Lewis's larger complaint was that Huberman consistently insisted he was firing only the lowest-performing teachers, and though it wasn't true the media—"the Tribune in particular"—simply repeated what he said.

"Yes, the Tribune owes a retraction to these teachers," Lewis wrote. "But even more so, it owes a retraction to a readership that understandably believes that all or nearly all of the teachers fired by Huberman in June were the 'lowest performing.' . . .

She finished by asking, "What is the Tribune going to do about this?"

Dold had had nothing to do with the timeline, and education editor Tracy Van Moorlehem turned out to be the Trib person CTU spokeswoman Liz Brown dealt with. Nine days passed before the Tribune finally ran a correction. "Of the 239 teachers discharged that month [June], only one had an unsatisfactory evaluation," the paper noted, and 149 had excellent or superior ratings—"according to the Chicago Teachers Union."

Brown fumed—not simply over the delay, she tells me, but also because of the well-at-least-that's-what-they're-claiming ring to the correction.

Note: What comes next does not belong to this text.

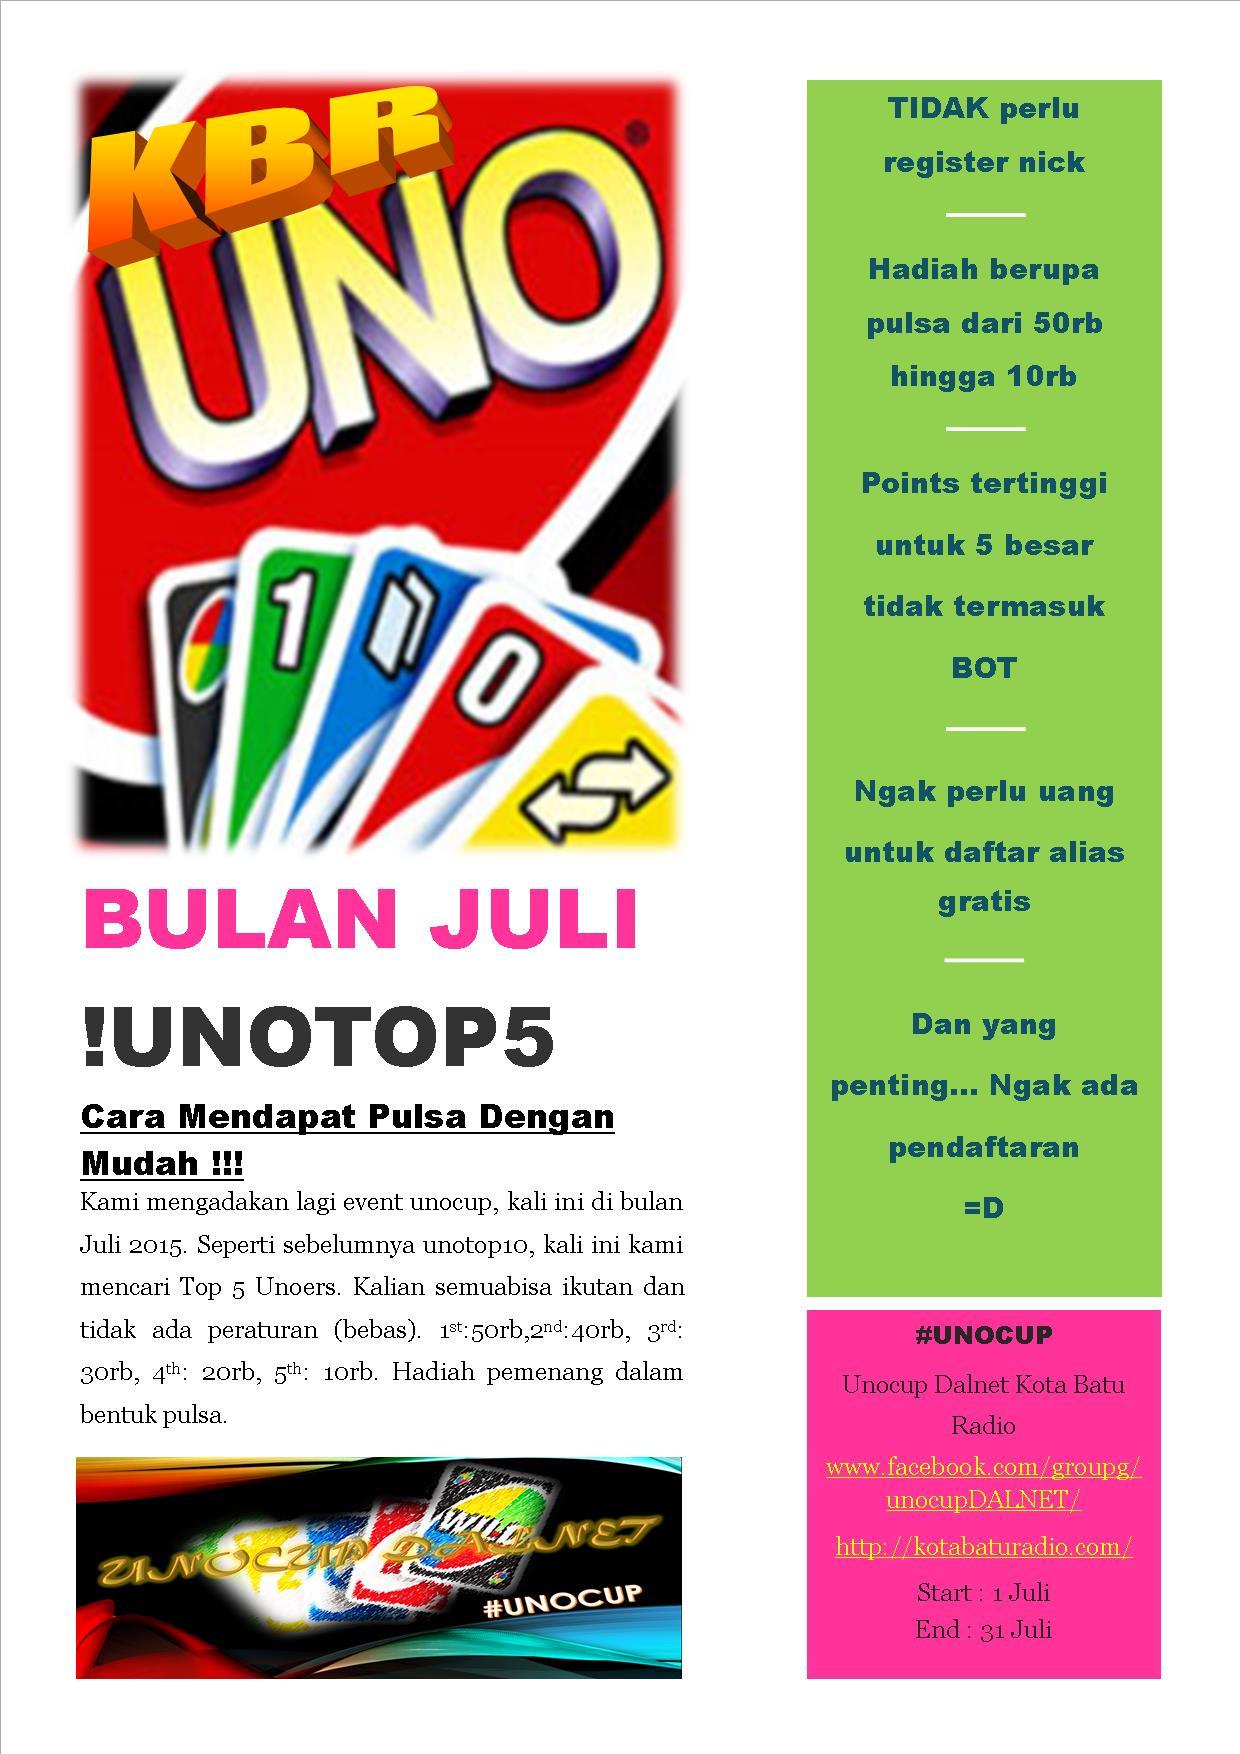 july event - unocup kbr
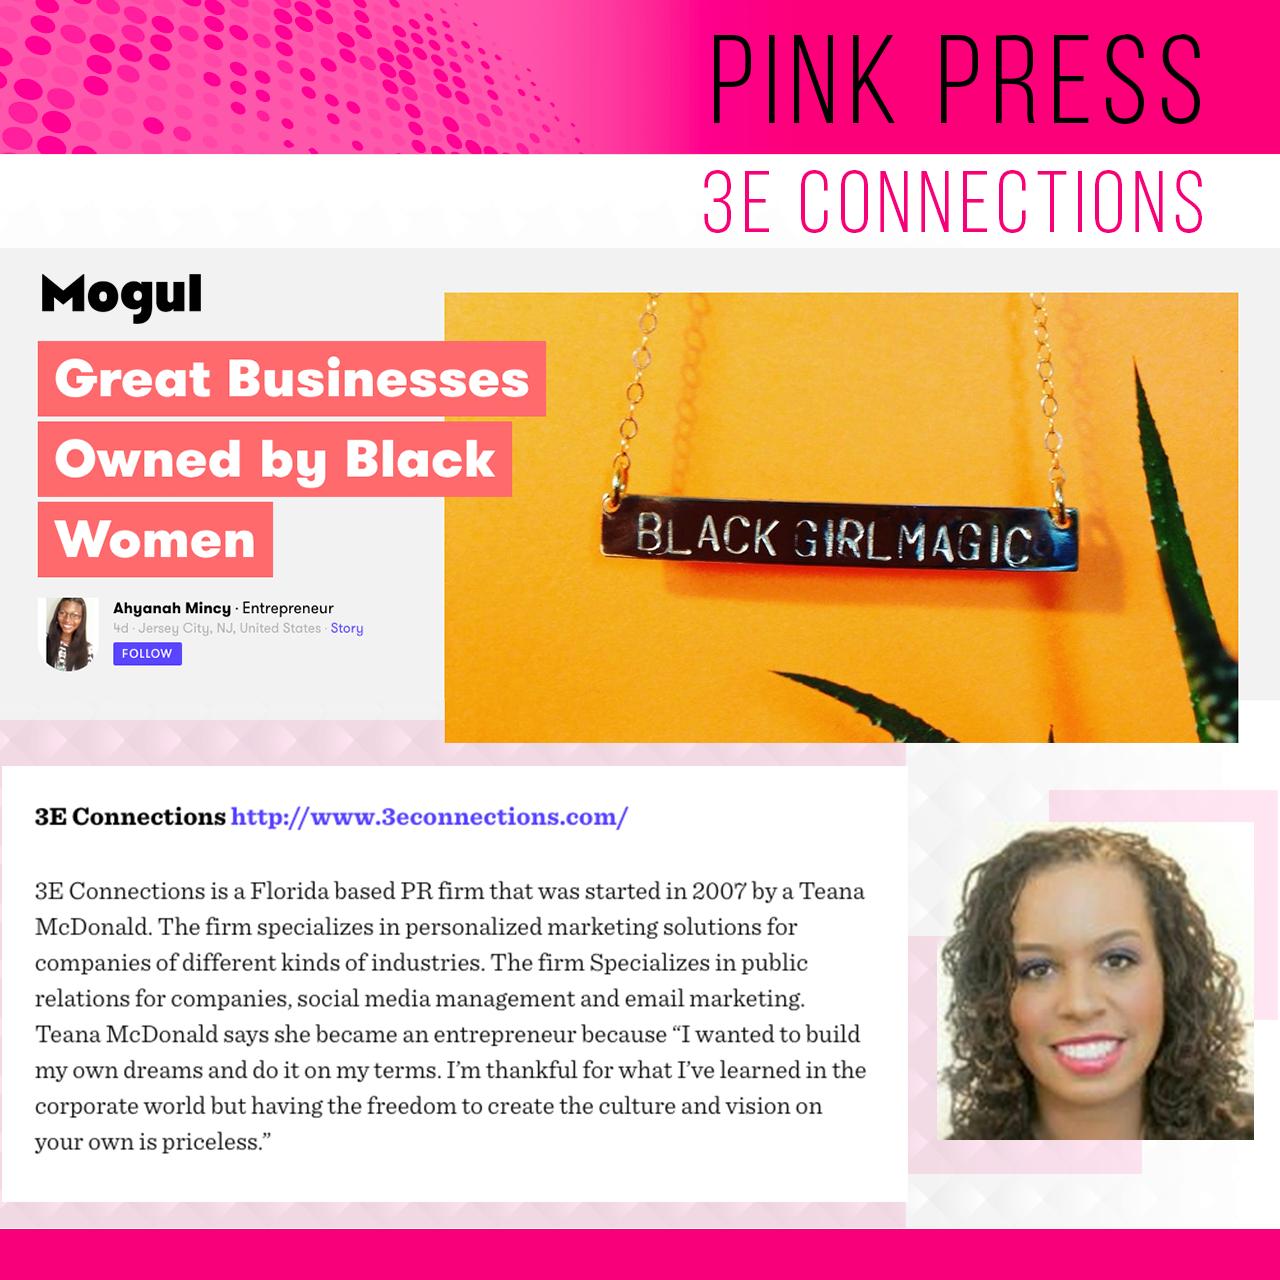 PinkPress_Mogul2.png

The CTU's source had been records provided by the school board to the teachers' union, backed up by testimony by a school board official in court.

It was a vintage skinback—grudging, ignoring the core complaint, and hinting that the paper didn't necessarily believe the whiners it was deferring to. Not to mention late. "Frankly," Tribune ombudsman Margaret Holt e-mailed me, "it slipped through the cracks."

And as with the Kass clarification, the Tribune didn't bother to change the original story online.  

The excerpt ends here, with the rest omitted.